'Nuclear' Urbanism Re-Scaled
Both empirically and conceptually this endeavor rests on my four years engagement in the Laboratory of Critical Urbanism (European Humanities University, Vilnius) ongoing participatory research, educational and soft planning projects in Visaginas, a town built from scratch in Soviet Lithuania in the 1970s and 1980s to serve Ignalina Nuclear Power Plant (INPP). In 2009 the INPP was decommissioned due to one of the conditions for Lithuania to join the European Union. Today in both technological and institutional terms, Visaginas is a transforming former USSR Ministry of Medium Machine Building corporate town.
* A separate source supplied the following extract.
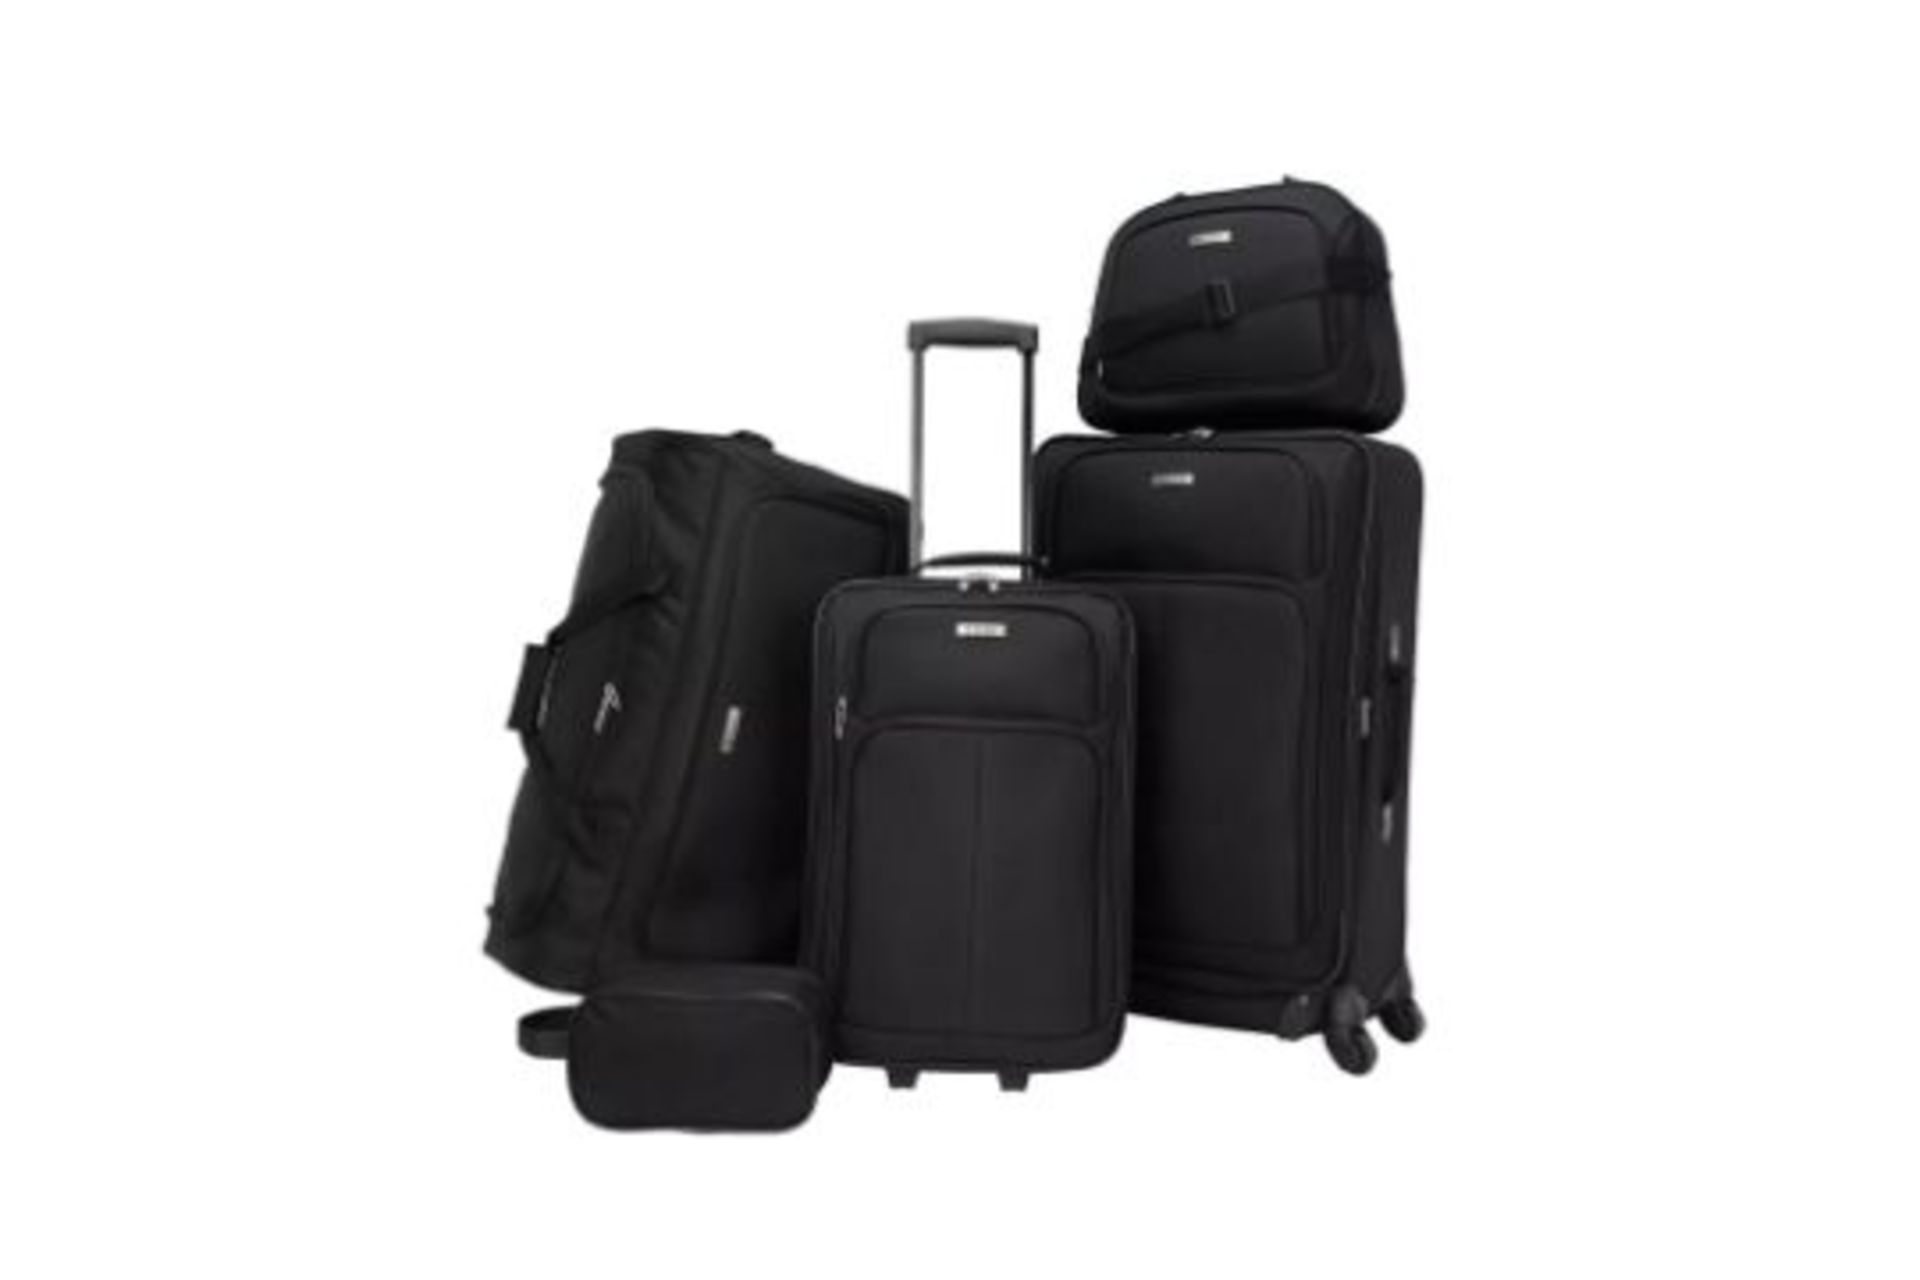 3 X NEW SETS OF TAG Ridgefield Black 5 Piece Softside Luggage Sets. RRP $300 per set, giving this

Ignalina Nuclear Power Plant is in process of being dismantled, and still serves as the main employer and meaning-giving technology.
The Laboratory of Critical Urbanism research, which started in 2015, is focused on Visaginas transformation after interruption of the INPP, and hence after the town’s disconnection from the ‘nuclear’ technical and institutional network, centrally planned from Moscow and Leningrad. Since 2016 Laboratory of Critical Urbanism research is guided by the notion of ‘knowledge infrastructure’ and is realized in applied fashion of action research and educational workshops to elaborate a new concept for Visaginas public library. EHU LCU activities in town included two workshops Visaginas – Cultures of Shrinking (2015) and Infrastructure, Sovereignty and Urbanity in the Baltic Region (2016). Besides, those activities included four DAAD funded applied Summer Schools – Sources of Urbanity of Former Mono-Functional Towns (2015, 2016) and Re-Tooling Knowledge Infrastructures in a Post-Nuclear Town (2017, 2018).
In the context of CityIndustries Network I am going to work with the question of whether post-Soviet ‘nuclear’ towns constitute a particular mode of urbanization amongst other cases of Soviet industry led urbanization. I am going to discuss a peculiar role of the Soviet ‘nuclear’ Ministry of the Medium Machine Building (MMMB, Sredmash) in creating isomorphism between town’s nuclear power, population, and welfare in the broader network of multiple Soviet ‘nuclear’ sites. And, further, to mobilize recent approaches to and discussions of the notion of knowledge infrastructure (Edwards) in order to identify empirical registers and formats of this isomorphism after the ‘rupture’.